===== Data excerpt =====

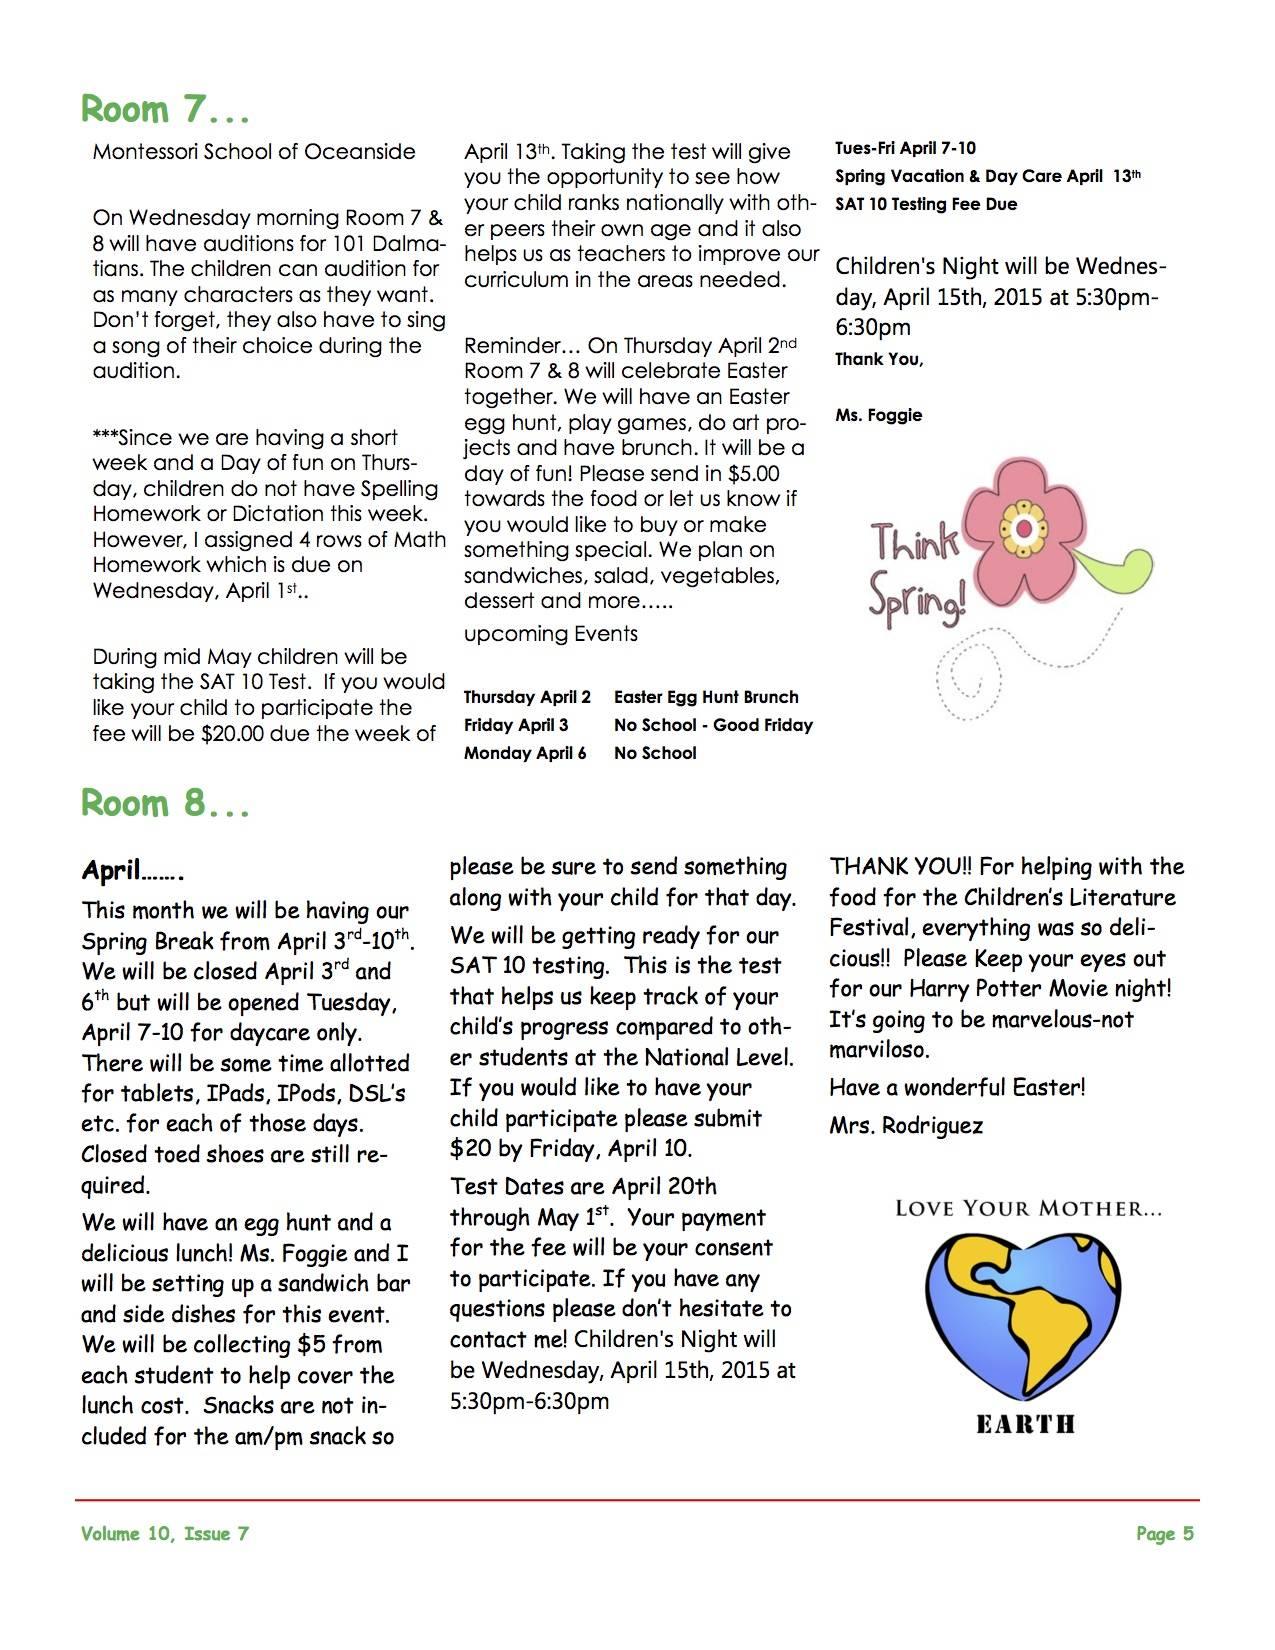 Attractive Math 4 Children.com Image - Math Worksheets - modopol.com
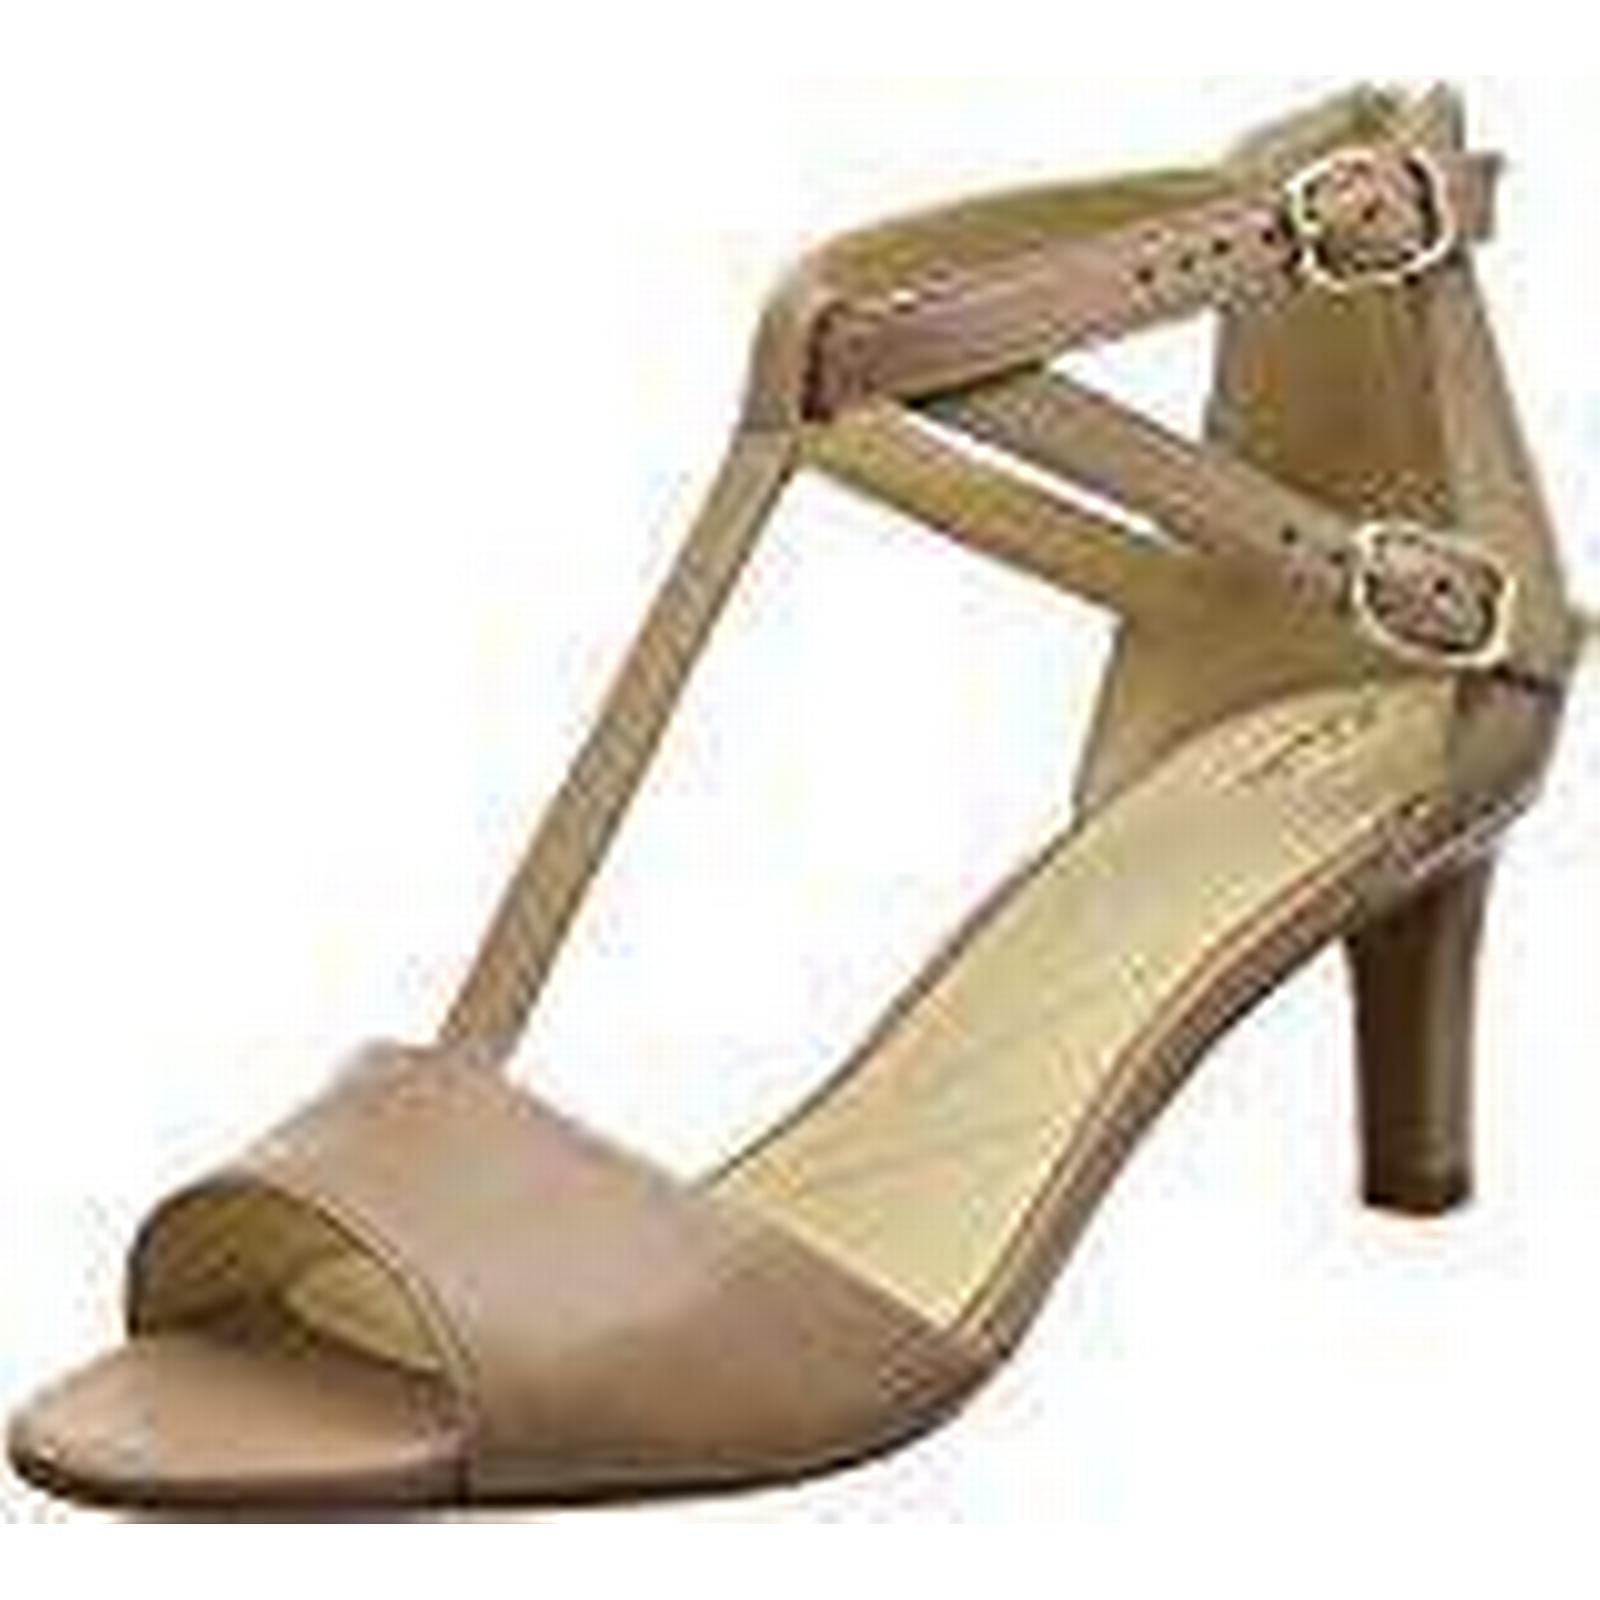 Clarks Women''s Laureti Pearl Ankle 6.5 Strap Sandals, (Beige Leather), 6.5 Ankle UK 473334
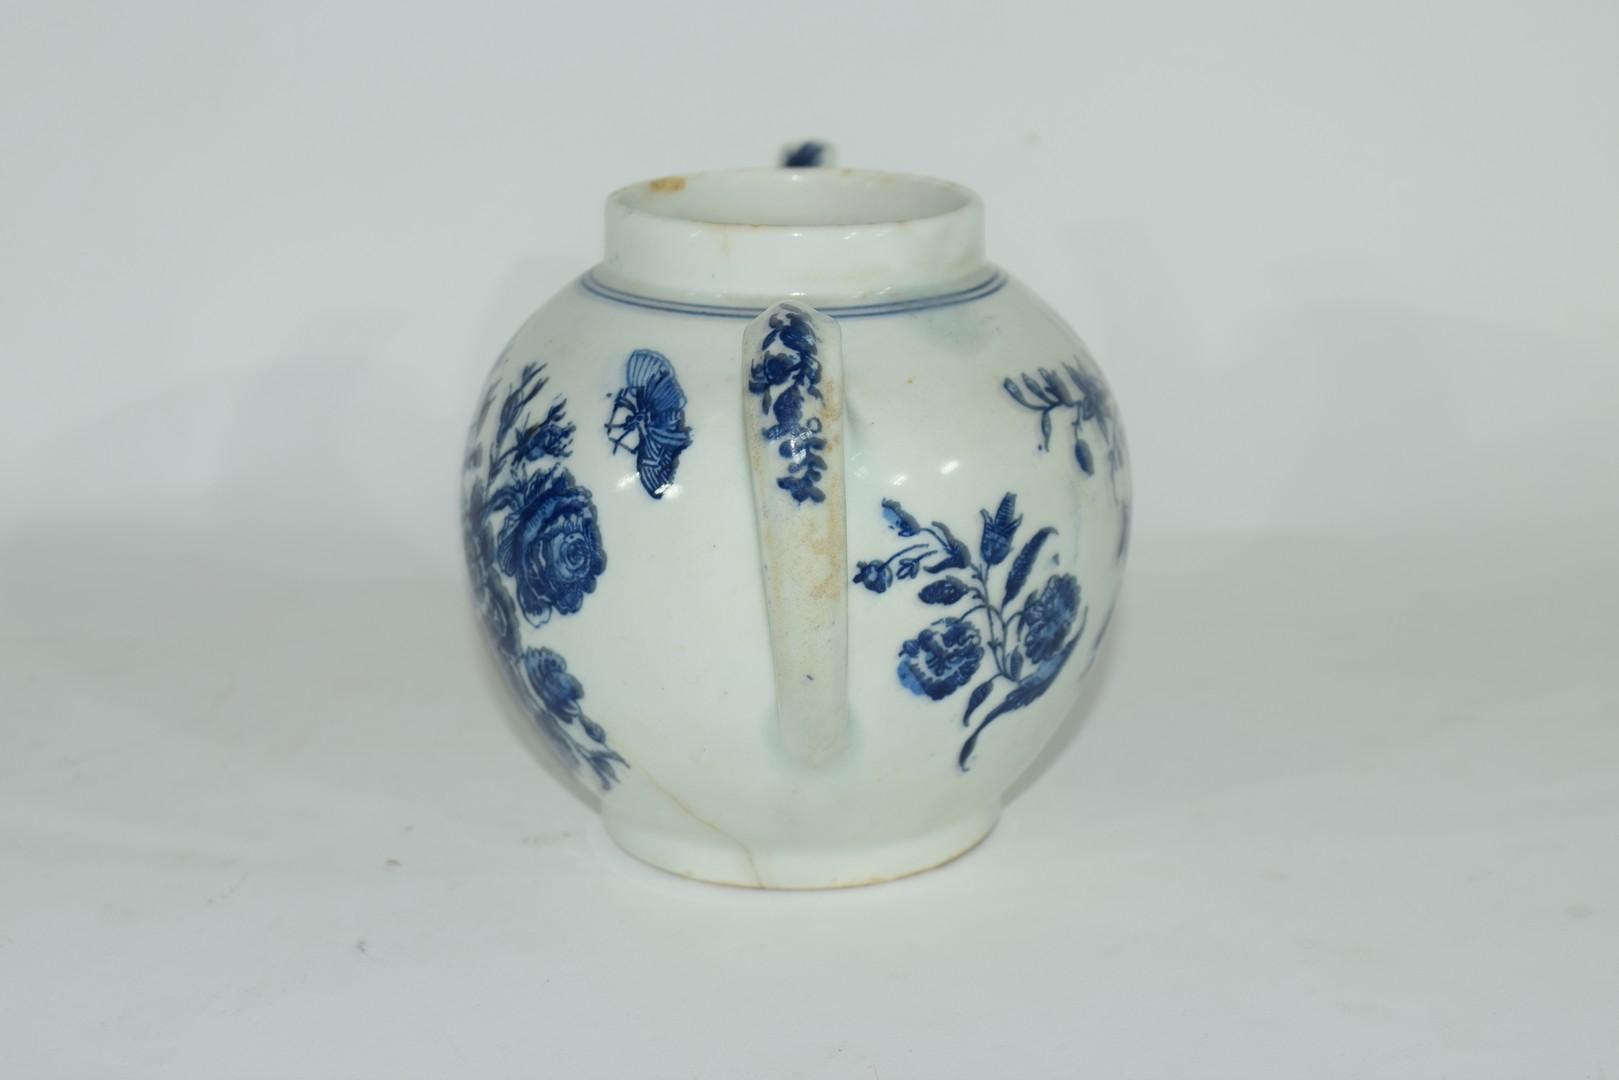 18th century Lowestoft porcelain teapot - Image 4 of 8

=====

What you should do >> Copy every line of the listing above exactly. Leave each picture out.

Answer to the exercise >>
 Attractive Math 4 Children.com Image - Math Worksheets - modopol.com
 Clarks Women''s Laureti Pearl Ankle 6.5 Strap Sandals, (Beige Leather), 6.5 Ankle UK 473334
 18th century Lowestoft porcelain teapot - Image 4 of 8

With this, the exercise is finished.